Fig. 4. MEcPP interacts with H-NS, a transcriptional repressor of fimE.

a, b Two independent LiP-MS analyses show differentially represented peptide features in the high-MEcPP ispg-2d and the control ctrl-d strains (a) and in wild-type E. coli total protein treated with MEcPP or MEP. The volcano plot displays log₁₀-transformed p-values (two-tailed, unpaired t tests) against log₂-transformed fold changes in normalized LiP peptide abundance between ispg-2d and ctrl-d strains (a), and between MEcPP- and MEP-treated total proteins (b). Significantly altered features (more than 2-fold change and p < 0.05, or nondetected in one group) are depicted in black, with purple dots highlighting overrepresented peptide features of H-NS in the high-MEcPP strain ispg-2d and MEcPP-treated wild-type total proteins. A green dot in (a) represents the underrepresented peptide feature of IspG in the ispg-2d strain. c Protein thermal shift assay demonstrates a shift in the melting temperature of H-NS in the presence of MEcPP, but not its analog HMBPP or NH₄OAc. IspC and IspG serve as negative and positive controls, respectively. Error bars represent the standard deviation, based on data from three technical replicates. Similar results were observed in two additional experiments. d, e Binding affinity determination of H-NS (d) and IspG (e) with MEcPP assessed by microscale thermophoresis. Source data are provided in a Source Data file.
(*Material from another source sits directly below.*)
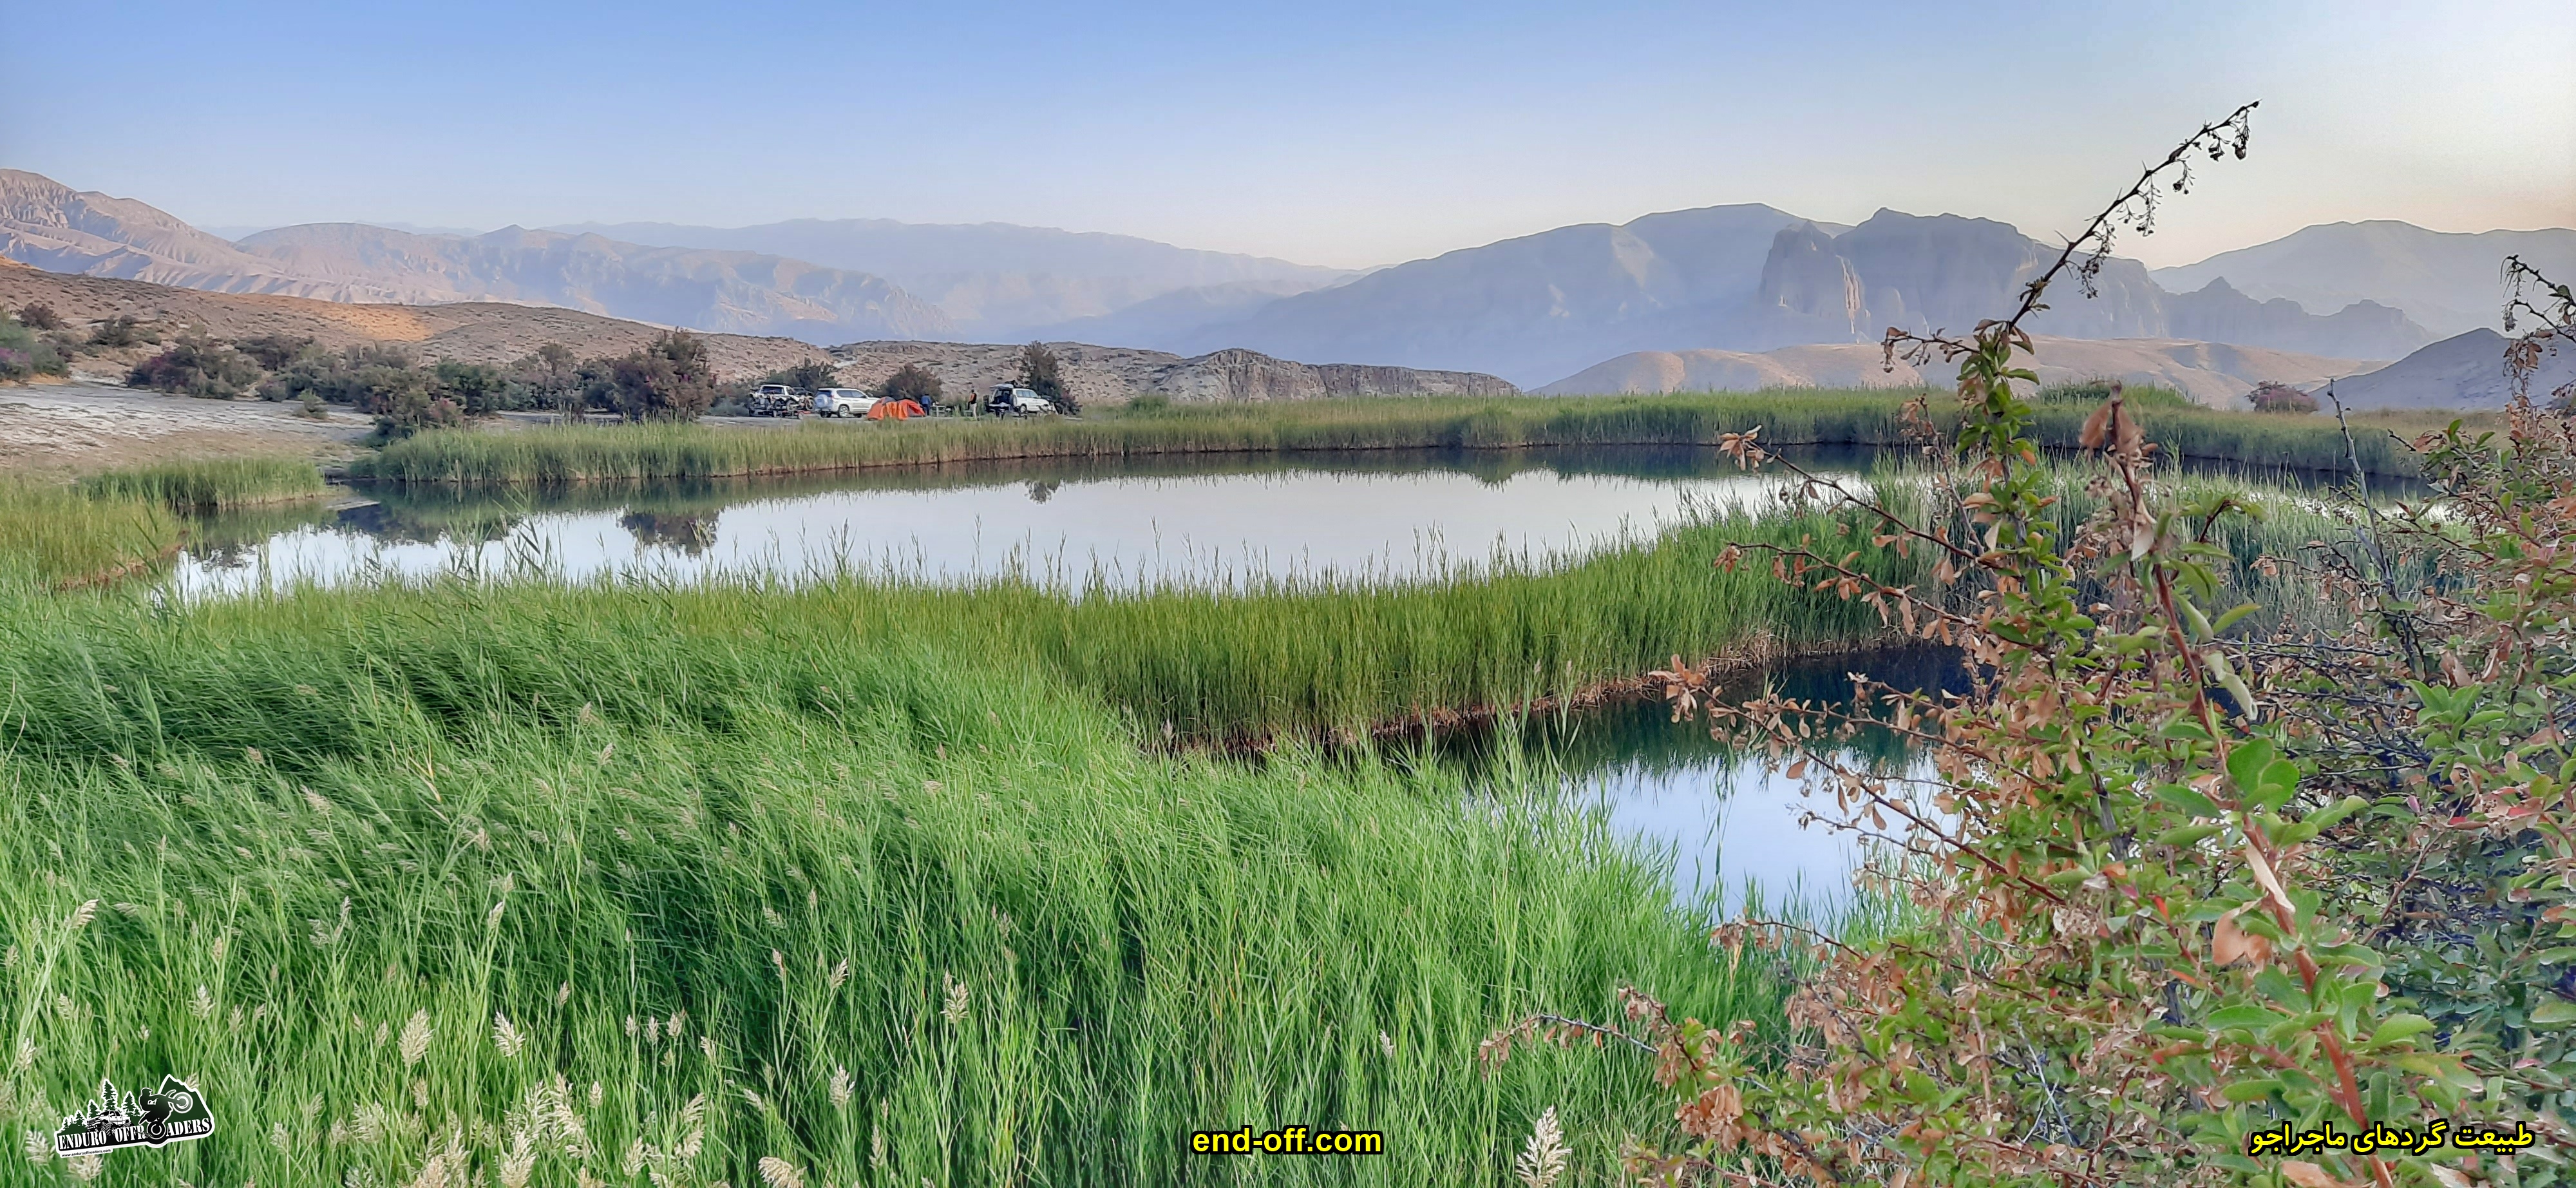 دریاچه آهنک Ahanak - تابستان 1399 2020
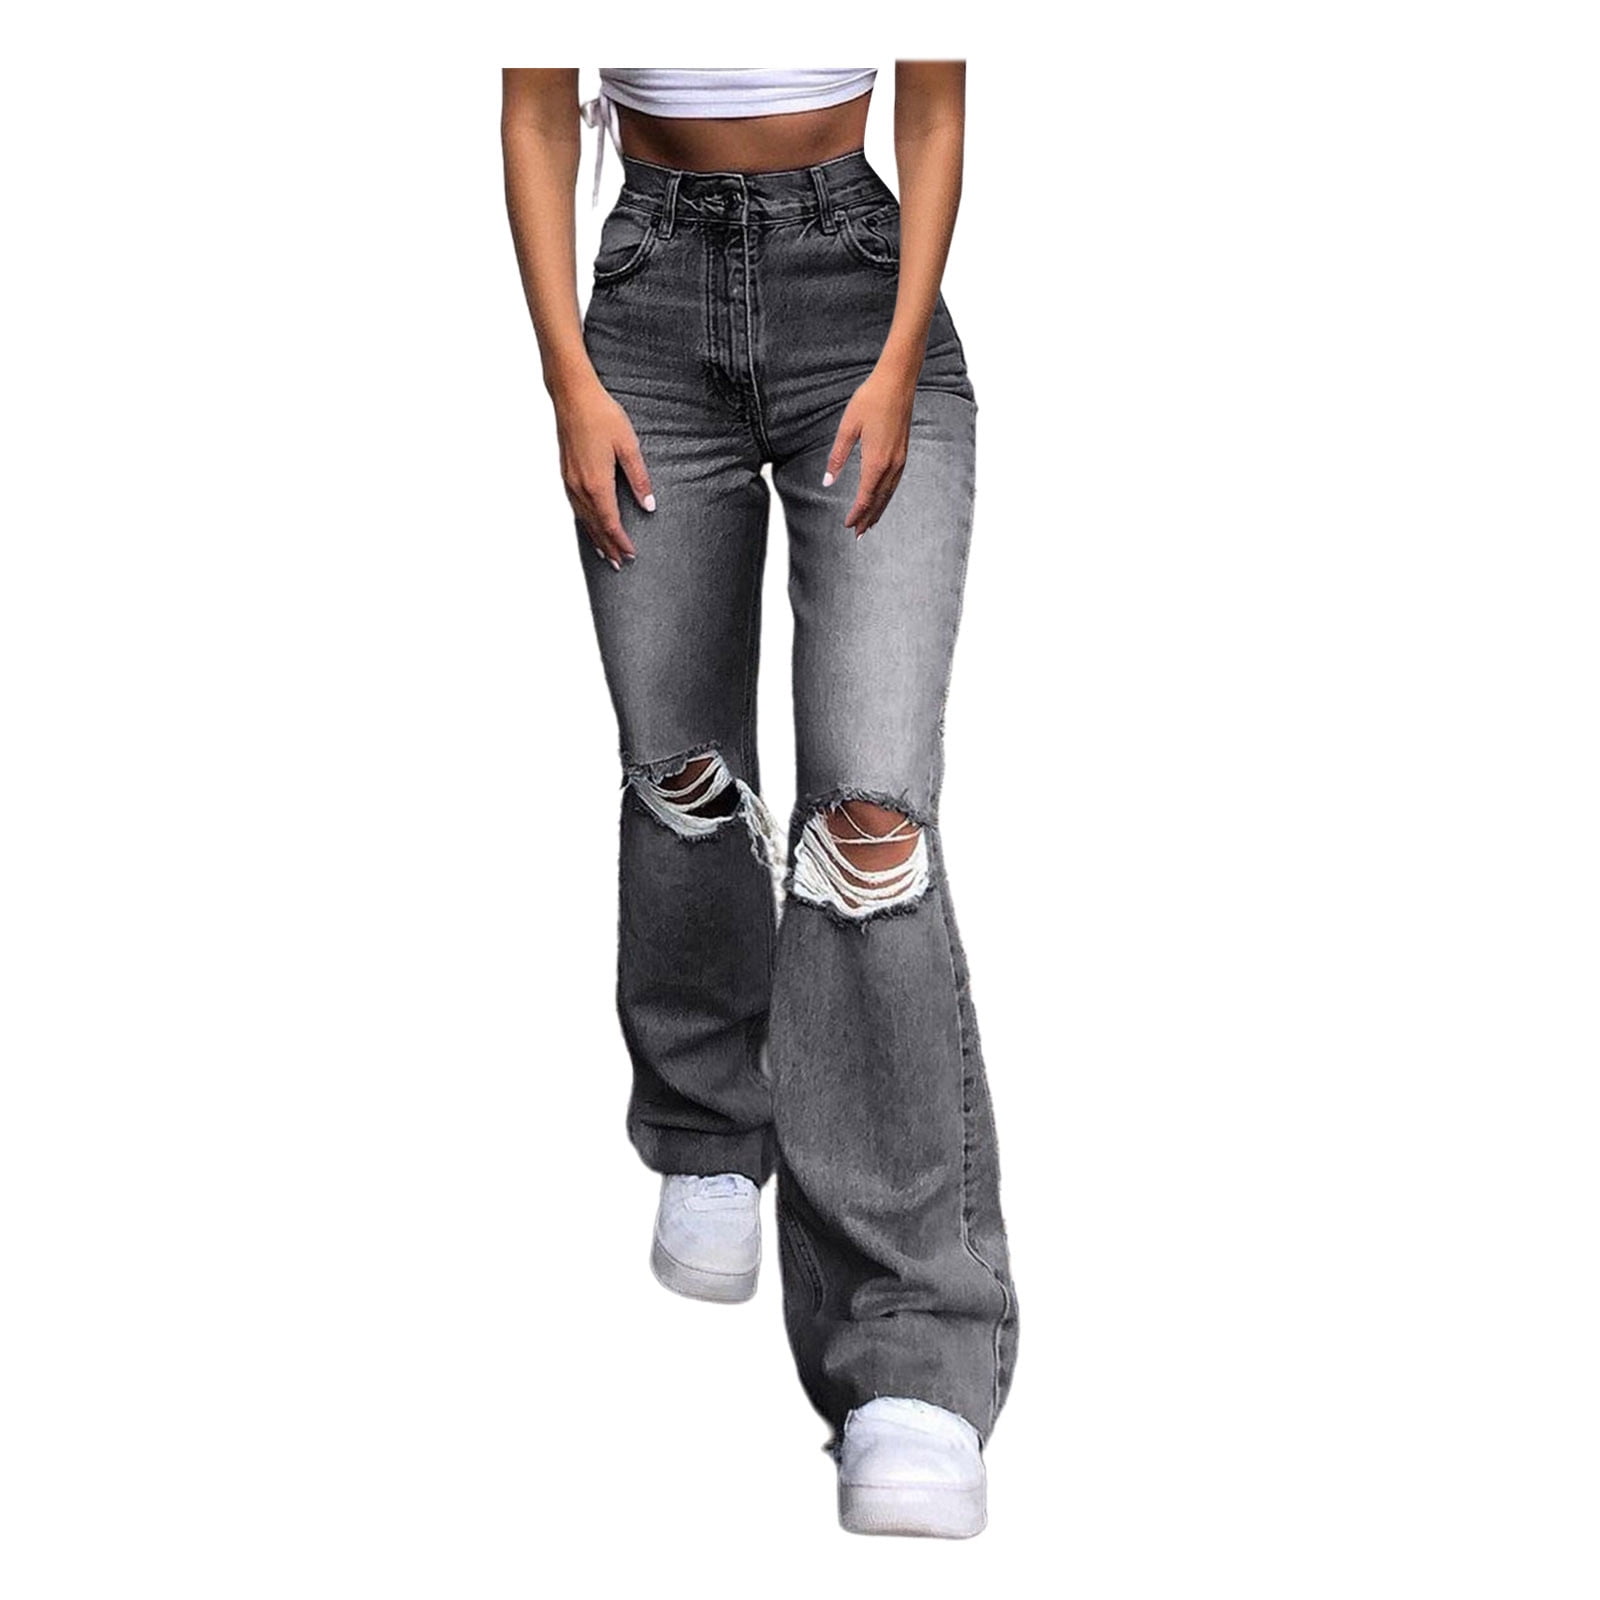 Mrat Full Length Pants Jeans Women's Sweatpants Ladies Button High

Fig. 5. MEcPP derepresses fimE transcription.

a, b Relative expression levels of fimE assessed in CRISPRi strains and ispg-2 fimE::Tn5 revertant (a), as well as in MG1655 cells grown in increasing concentrations of benzyl viologen (b). Bars represent the mean value, and error bars show the standard deviations. Statistical analyses used are Brown-Forsythe and Welch ANOVA and two-sided Dunnett’s multiple comparisons tests. The data are obtained from at least three biological replicates per genotype or treatment, with each biological replicate comprising two technical replicates. c, d Polyacrylamide gel visualization of the relative abundance of the ON and OFF phases in the fimA promoter in CRISPRi strains, the ispg-2 fimE::Tn5 revertant, and the fimE overexpressor in the revertant (ispg-2 fimE::Tn5 pTrc-fimE-sfGFP) (d), as well as in MG1655 strains grown in increasing concentrations of benzyl viologen (d). HinfI restriction digestion of the amplified fimA promoter generates differential band patterns, visualizing the ON (520 bp + 124 bp) and OFF (405 bp and 239 bp) phases of the promoter. Consistent results in (c and d) were confirmed in 2 additional experiments. Source data are provided in a Source Data file.